EUS FNA biopsies are also poised to play a role in establishing valuable pre-clinical disease models for precision therapy, such as patient-derived xenografts and organoid cultures. Pre-clinical disease models which accurately reflect the histological and molecular make-up of a tumour allow for rapid in-vivo testing and drug screening, and can support in-vitro findings. PDX involves implanting patient-derived cancer cells into immunodeficient mice to grow tumours, which have been shown to reliably retain the original histological architecture, cellular characteristics and molecular profiles of the original patient tumour over multiple passages. However, the lack of human stromal elements and the absence of a functional immune system is a limitation of these PDX models, particularly when considering in-vivo testing of immunotherapeutic agents. These limitations can be addressed to a degree through “humanizing” PDX models in-vivo, by reconstituting with human immune cells or tissue.

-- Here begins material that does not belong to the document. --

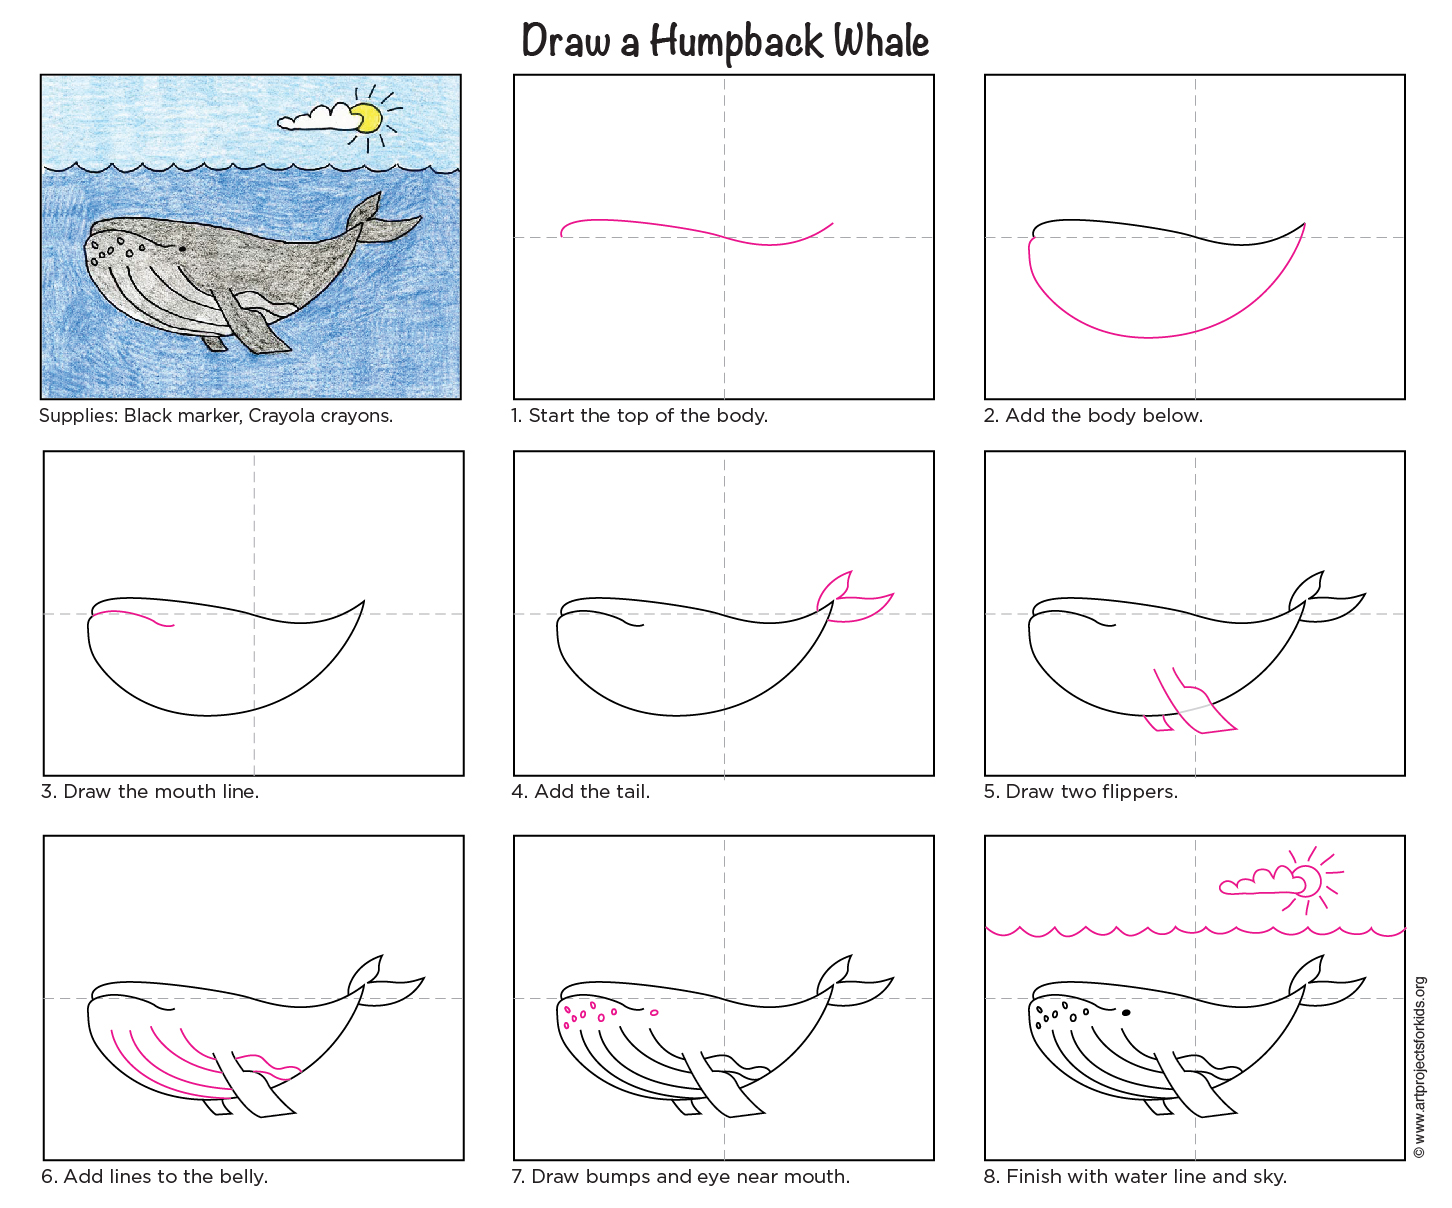 Draw a Humpback Whale bethanybnichols

While PDX models have historically been largely reliant on surgical specimens, our group is among those to recently show that EUS FNA biopsies can also be successfully used to create PDX models which maintain their original tumour characteristics. Using defined media and conditions, patient derived tumour cells can also be used to grow organoid cultures, which provide three-dimensional cell cultures that can be used to complement PDXs in molecular analysis of PDAC and for longitudinal therapeutic testing in “real-time”. These organoid cultures can be generated using EUS FNA derived tissue in a short period of time, serially passaged, and used to create PDX models.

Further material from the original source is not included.